Читать «Том 3. Звезда над Булонью» онлайн - страница 15
Борис Константинович Зайцев
Потом отец свез нас в ландо на Воробьевы горы.
Я помню светлый, теплый день, ровный бег лошадей, покачивание коляски на резинах, нашу болтовню, нашу Москву, Нескучный, дачу Ноева в бледном дыму зелени апрельской, белые – о как высокие и легенькие! – облачка в небе истаивающем – и вновь Москву, раскрывшуюся сквозь рощи Воробьевых гор, тихое мрение куполов золотых, золотистый простор, безбрежность, опьянение легкое весной, счастьем и молодостью. Возможно, нам и надо бы сказать времени: «Погоди, о, не уносись». Но мы смеялись, любовались и шалили – а Москва гудела колоколами, светилась под солнцем, струилась в голубоватой прозрачности и дышала свежестью, праздником, весельем.
Через месяц мы с Маркушей обвенчались. Кончилось мое девичество – я стала взрослой.
III
Мы переехали теперь на Спиридоновку, в тот дом, что на углу Гранатного. Он мне напоминал корабль, один борт смотрит на Гранатный, а другой на Спиридоновку. Рядом с нами, по Гранатному, особняк Леонтьевых с колоннами, в саду, как будто бы усадьба. Гигантский тополь подымается из-за решетки сада, осеняет переулок.

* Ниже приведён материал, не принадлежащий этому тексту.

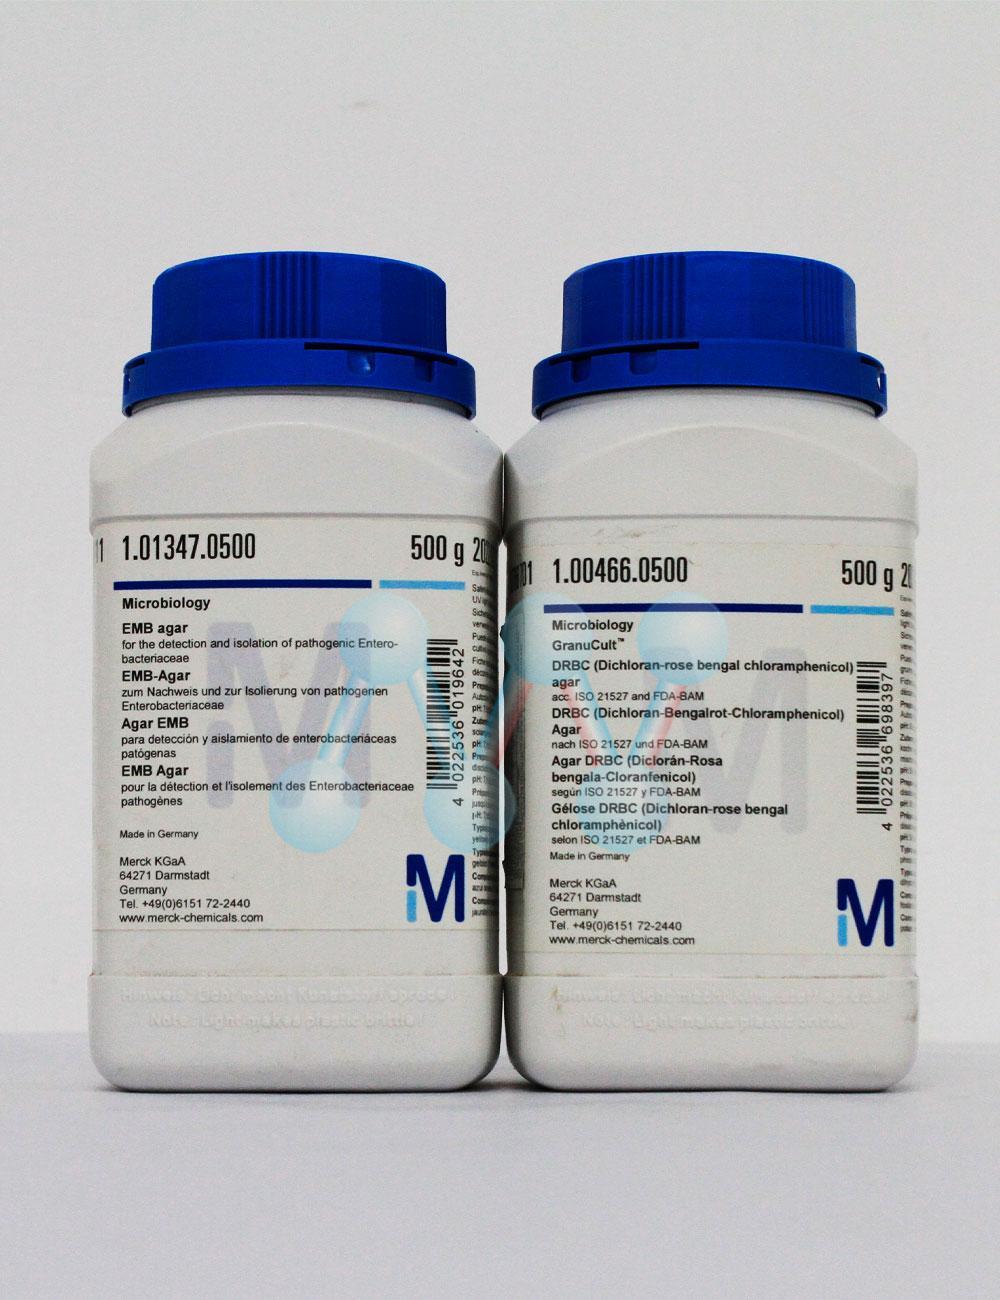 Lauryl Tryptose Broth (Lauryl Sulfate Broth)

Теперь впервые я хозяйка, но управляться мне нетрудно. Все само собою делалось. Не очень уж я предавалась и заботам Марфы, но, должно быть, я вправду обладала той чертой – вносить благоустройство и порядок.

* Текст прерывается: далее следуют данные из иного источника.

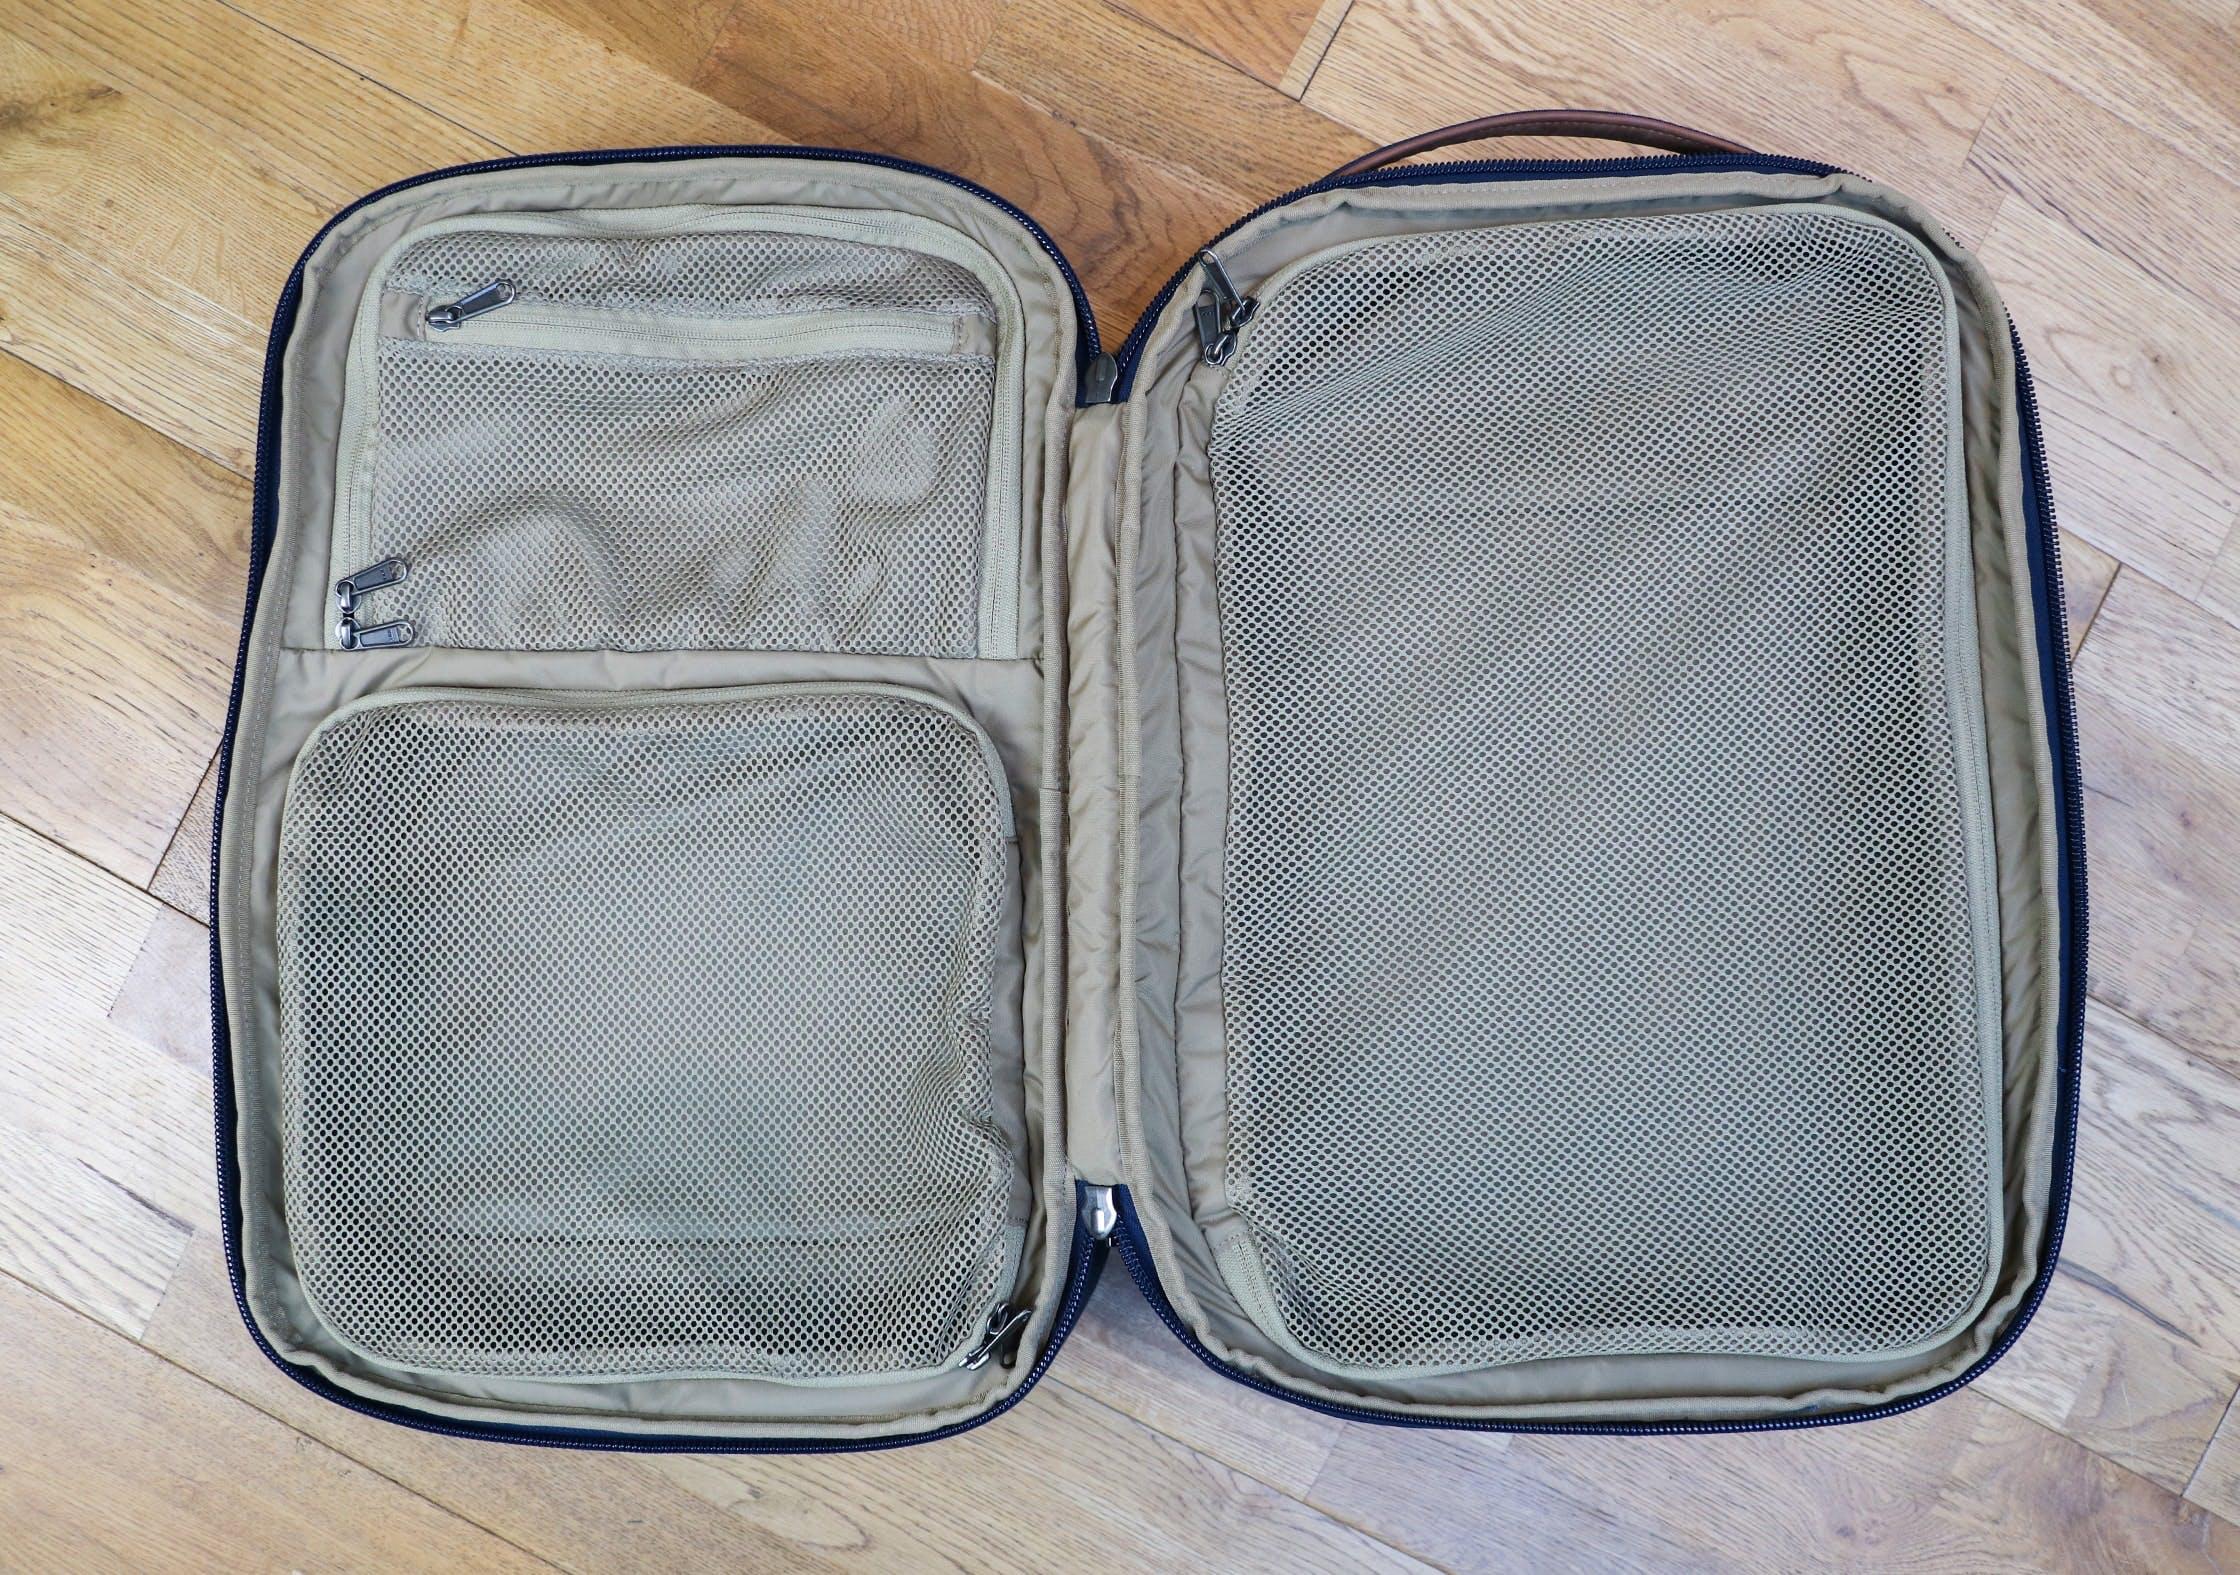 Fjallraven Travel Pack Internal Organization

Мне везло даже в прислуге. Я на улице раз встретила оборвашку, настоящую хитрованку Марфушу, – попросилась она на место. Волосы у нее растрепаны, глаза слезящиеся, красный нос, как у пьяницы, в ушах огромнейшие золотые серьги. Но я взяла ее как будто по наитию – оказалась она золотей своих дутых сережек, и совсем непьющая. Она нас полюбила, прижилась. Кухонный департамент сиял.
Маркуша был мил, трогателен, нежен и нелеп. Утром вставал, шел в университет (куда перевелся из академии). А я разучивала дома упражнения, шла на урок, в консерваторию. Я проходила уж теперь по улицам серьезней, и не побежала бы, как раньше, но я чувствовала, что я молода, любима и сама люблю с горячностию молодости. Что я живу, пою, чиста, здорова – и мне весело было глядеть на белый свет.
Немножко я боялась сказать Ольге Андреевне, что вышла замуж. Жутко и смешно как-то мне было.
Ольга Андреевна сапнула.
– Выскочила все-таки. Не удержалась.
Я приготовилась к баталии. Но она хмуро ткнула в ноты: «Продолжай». Я пела, как обычно. Она же хмурилась, молчала. Я уже забыла о своем проступке. Ольга же Андреевна меня не поправляла. Вдруг тряхнула буклями седыми.
– Дура. Идиотка.
Я не поняла, остановилась. А она вскипела:
– Только и умеете козлам на шею вешаться, дряни, потаскушки! Я до тридцати лет девственницей была, зато и пела. Ну, а ты? Небось уж с брюхом?
Мне стало весело, не страшно, вдруг я обняла ее и стала целовать. Не скрыла смеха. Та скоро отошла.
– Фу, на тебя сердиться не могу. Очень уж складная, точеная… Тьфу, чуть было не сказала: точеная девушка.
И она сама засмеялась – кажется, меня даже простила.
Маркуша мне нередко говорил, что от меня идет ток мягкой теплоты, приветливости. Не знаю, трудно о себе сказать. Но сколько помню, люди относились ко мне чаще хорошо, чем плохо. Да и к Маркуше тоже. Так что к нам, на Спиридоновку, много всякого народу забредало, больше молодежь, студенты, барышни и дамы. Бывали и художники, поэты начинающие – из пестрой, шумной и веселой толпы лучших лет наших припоминается сейчас Георгий Александрович Георгиевский.